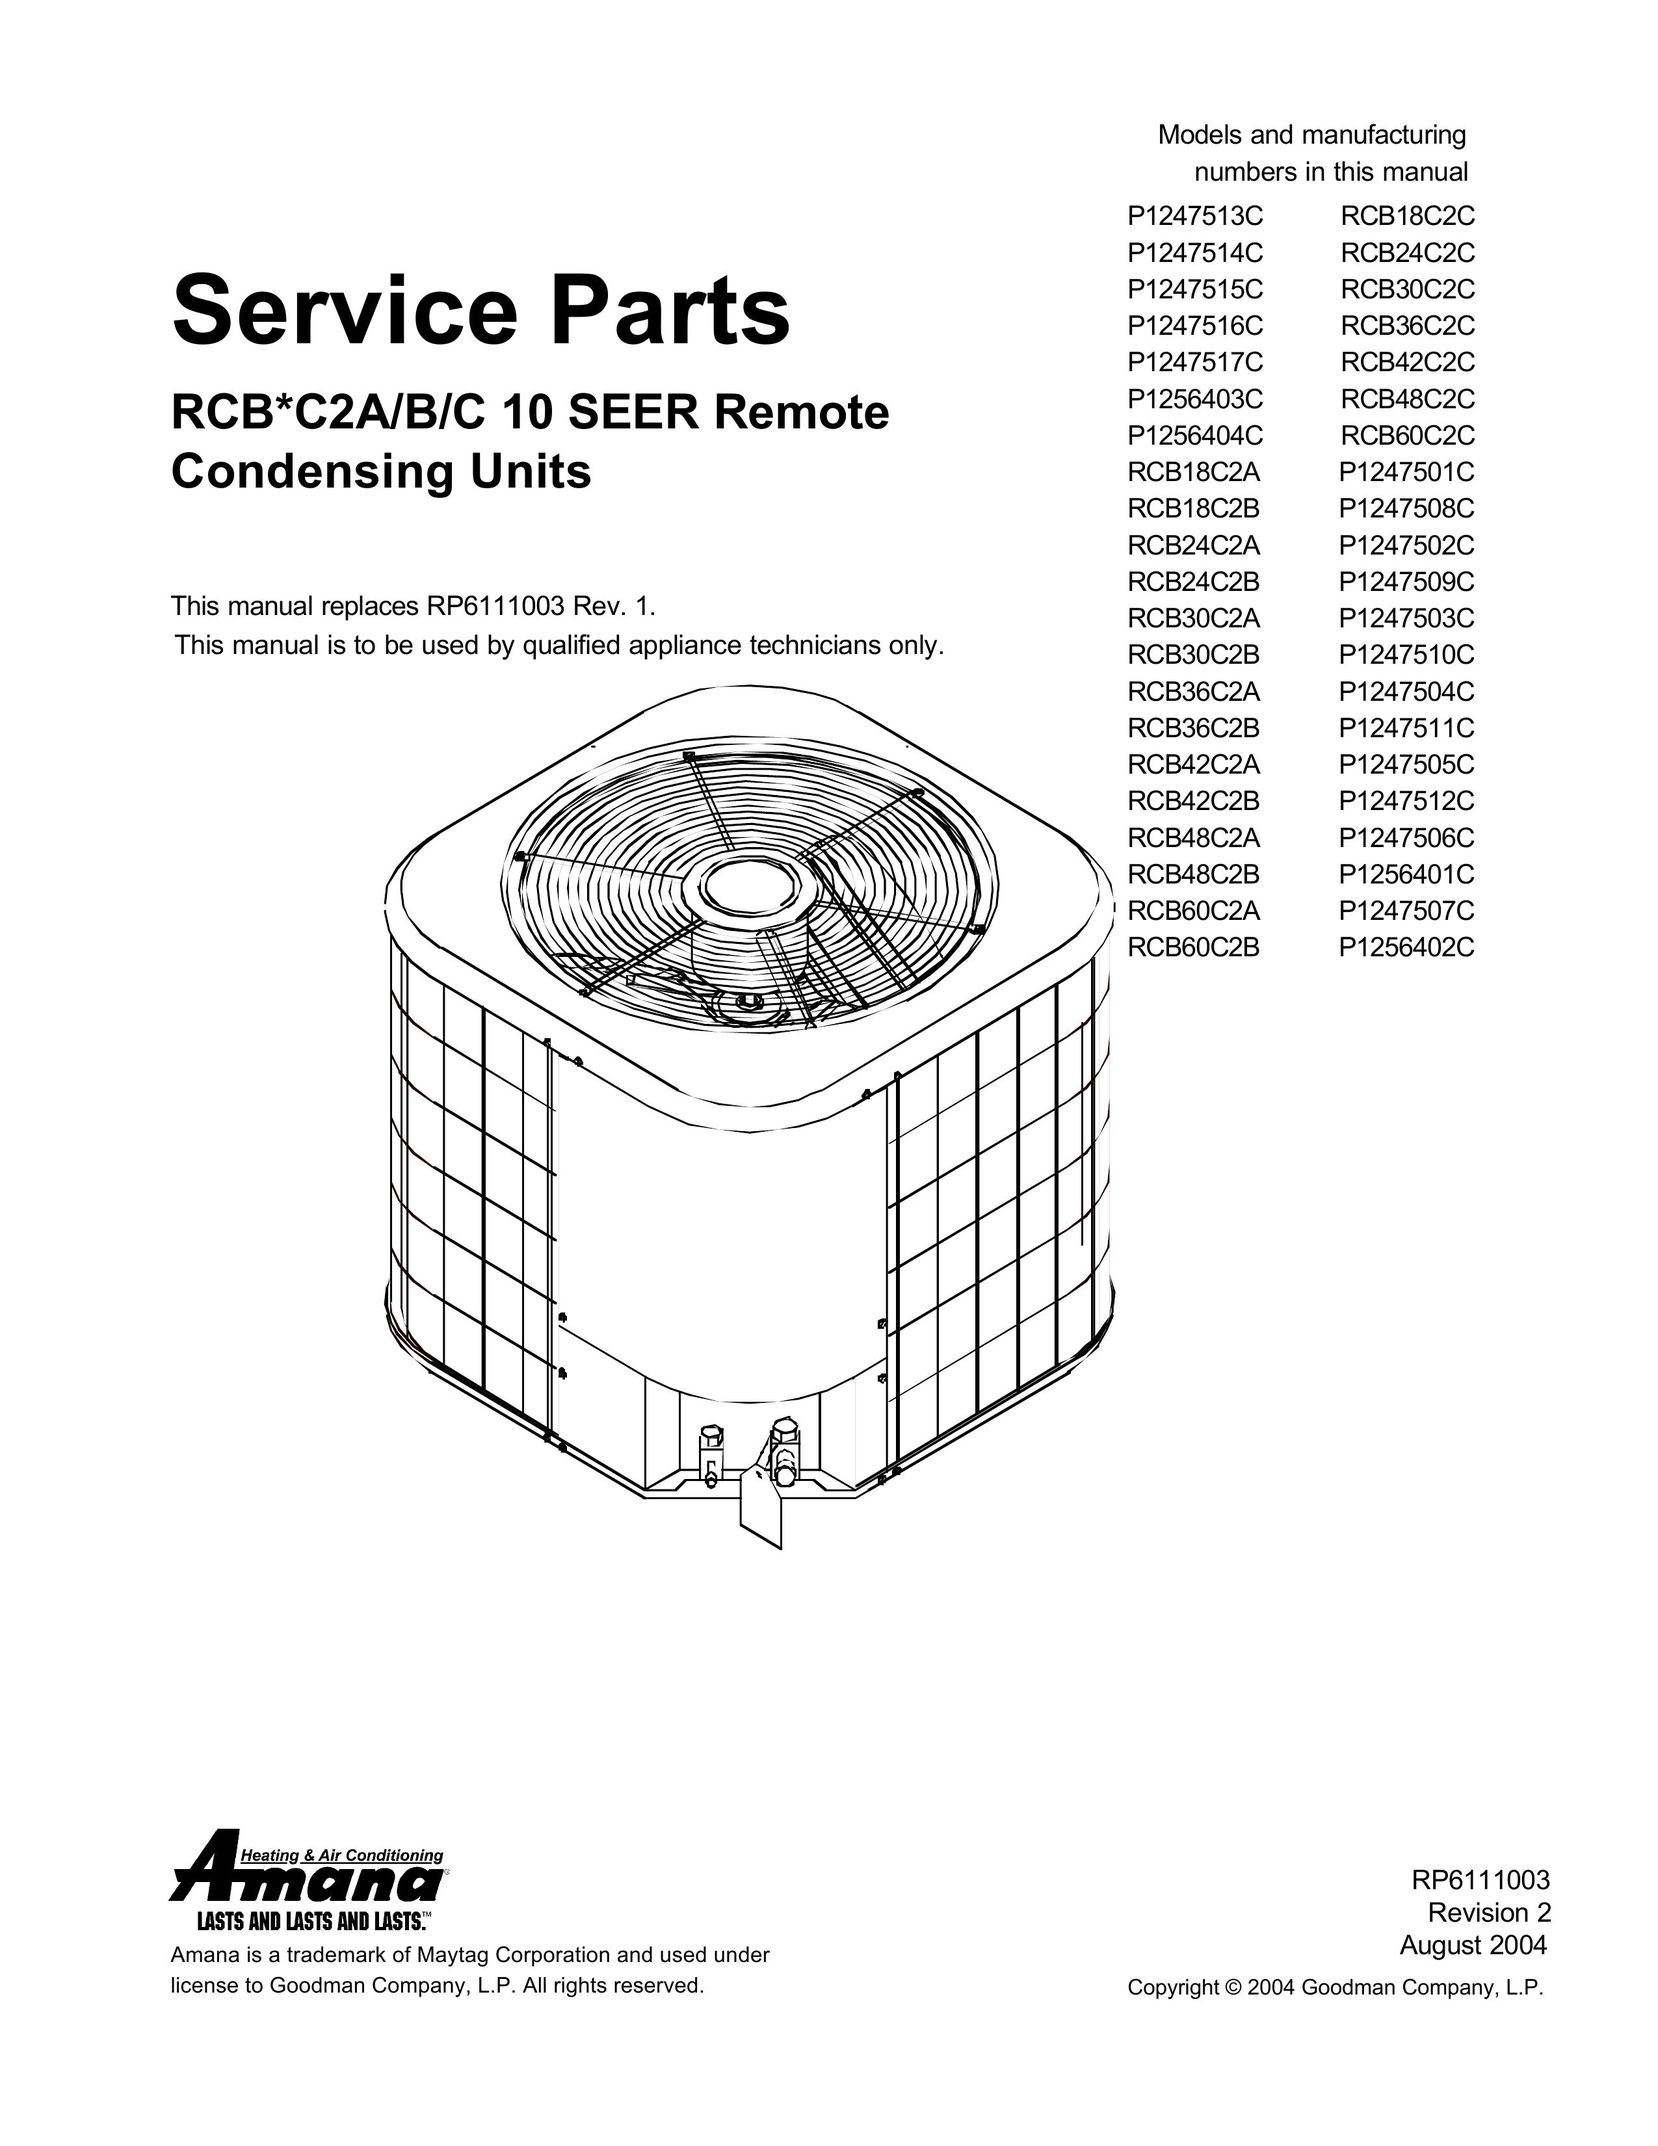 Amana RCB18C2CP1247513C Air Conditioner User Manual
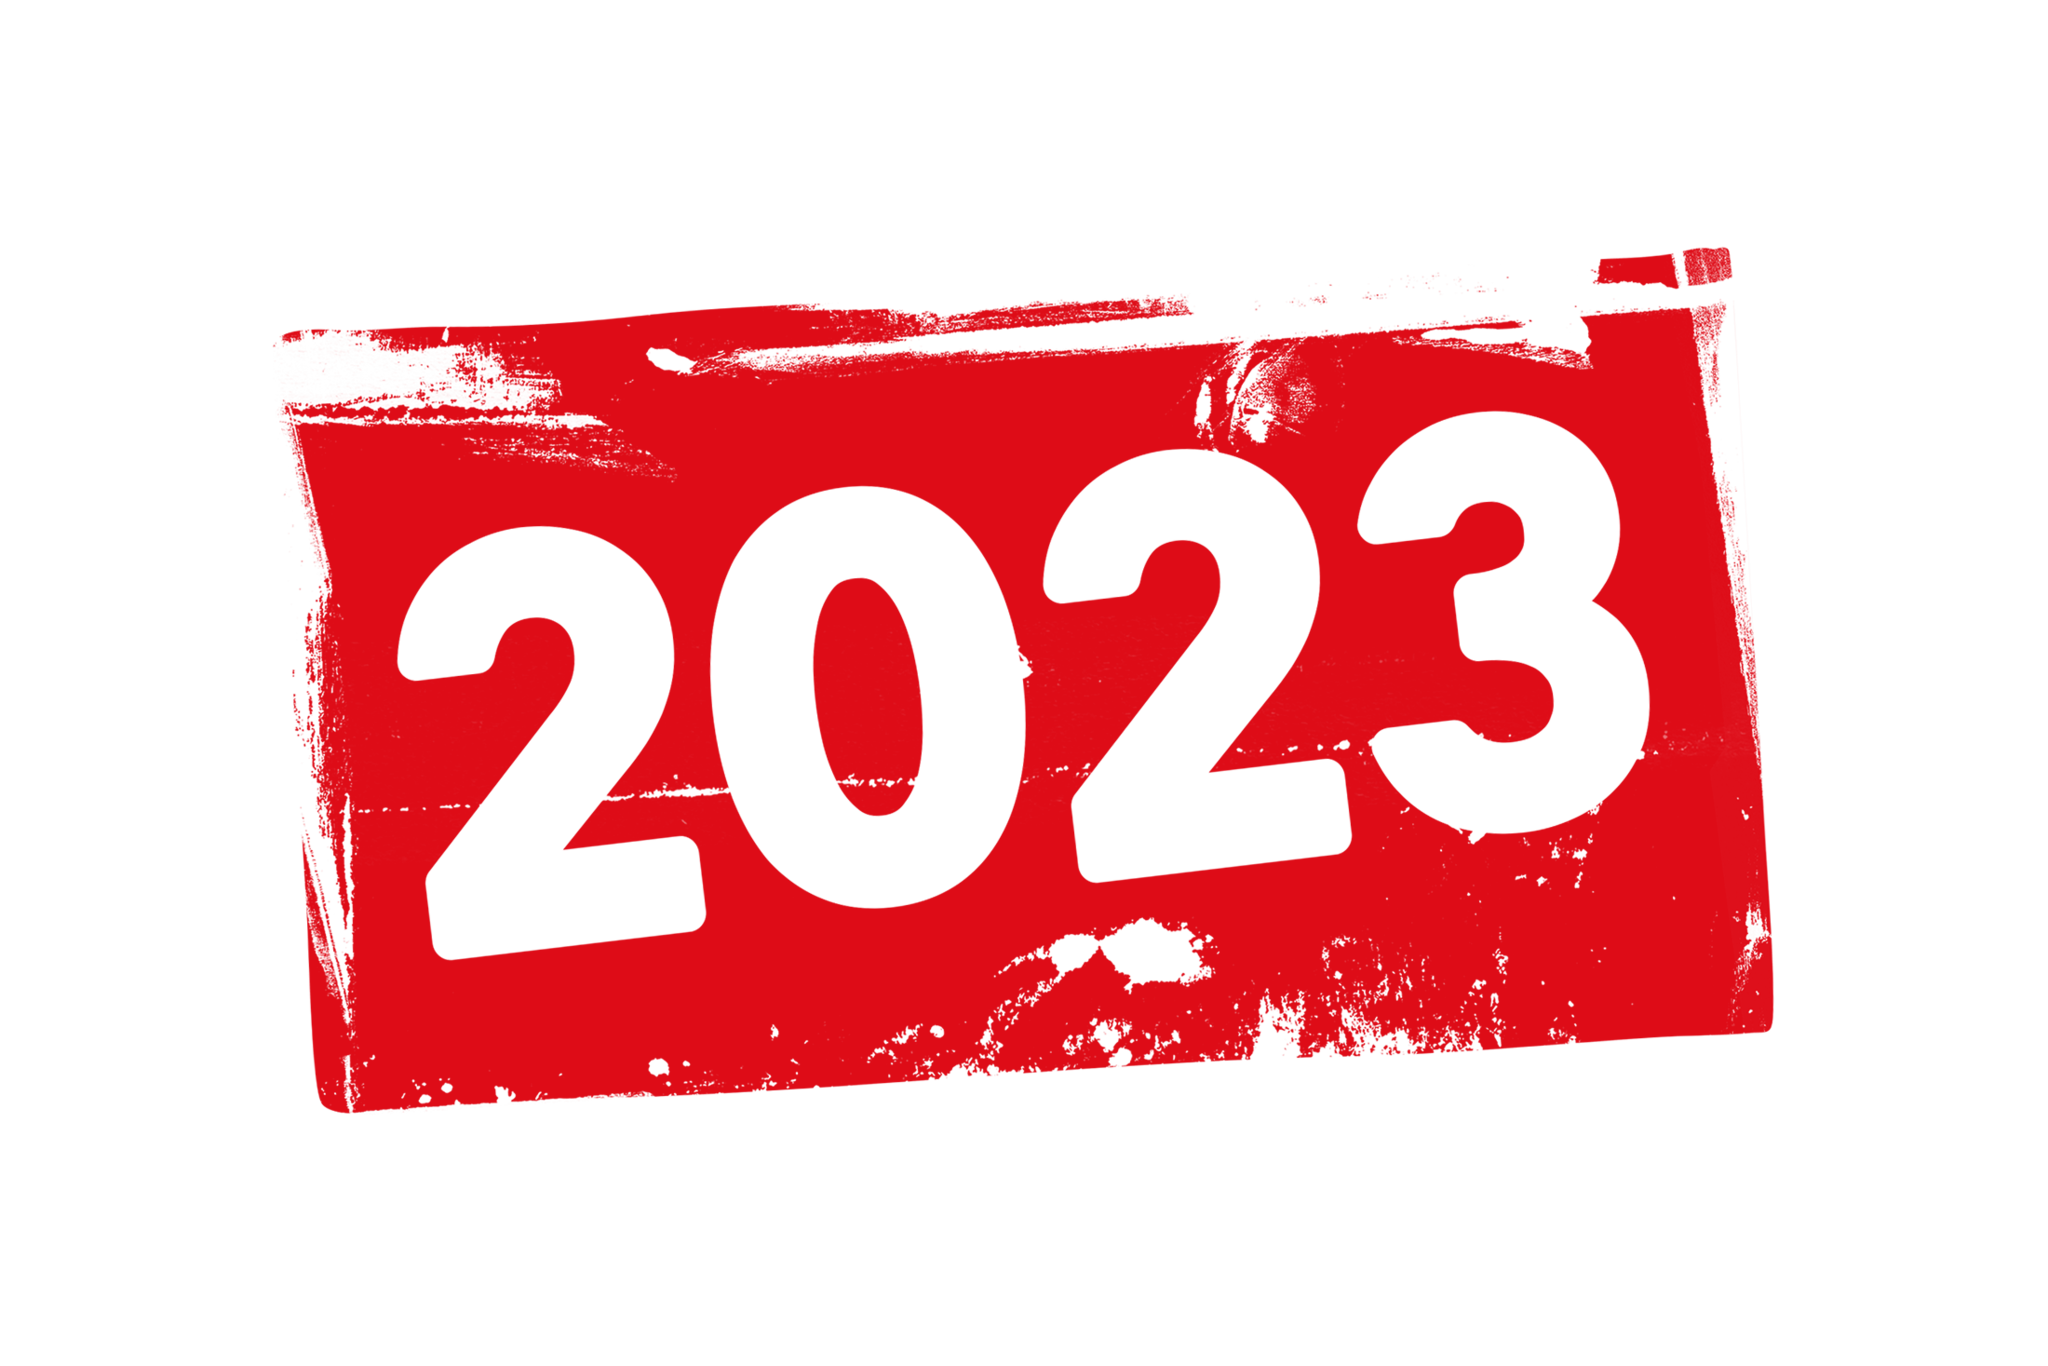 З декабря 2023. 2023 Год. Цифры 2023. Надпись 2023 год. Прозрачная надпись 2023.
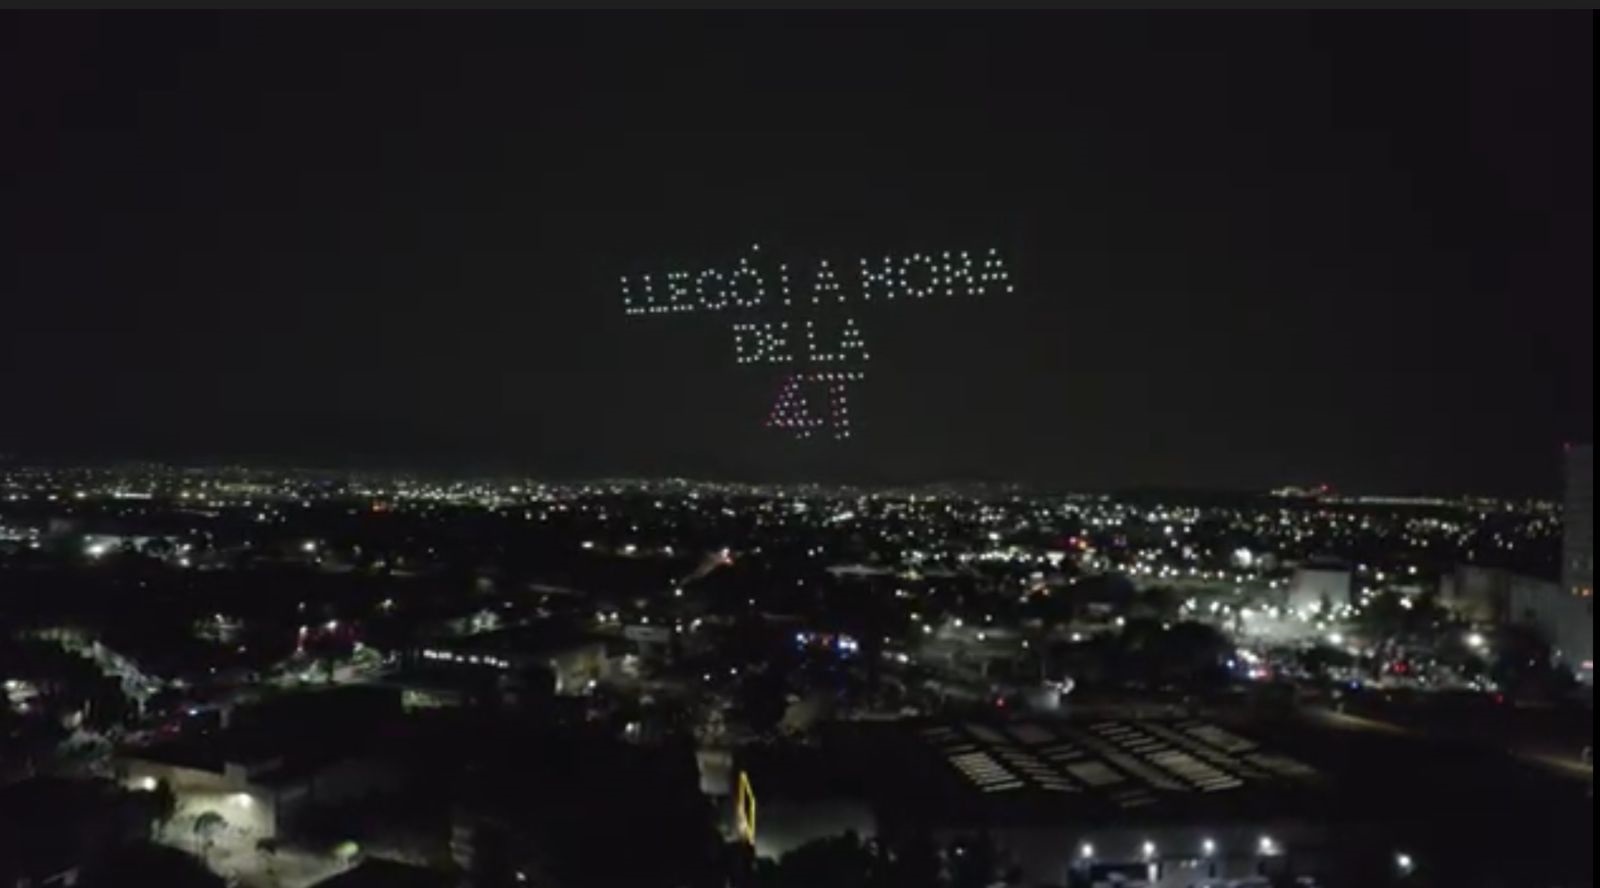 Con drones en el cielo, exigen agua en Cuautitlán Izcalli en inicio de campaña de Daniel Serrano

* * * *

### Problem:
Only the pictures are dropped. Otherwise, write out the listing exactly.

### Output of the task:
 Amana RCB18C2CP1247513C Air Conditioner User Manual
 З декабря 2023. 2023 Год. Цифры 2023. Надпись 2023 год. Прозрачная надпись 2023.
 Con drones en el cielo, exigen agua en Cuautitlán Izcalli en inicio de campaña de Daniel Serrano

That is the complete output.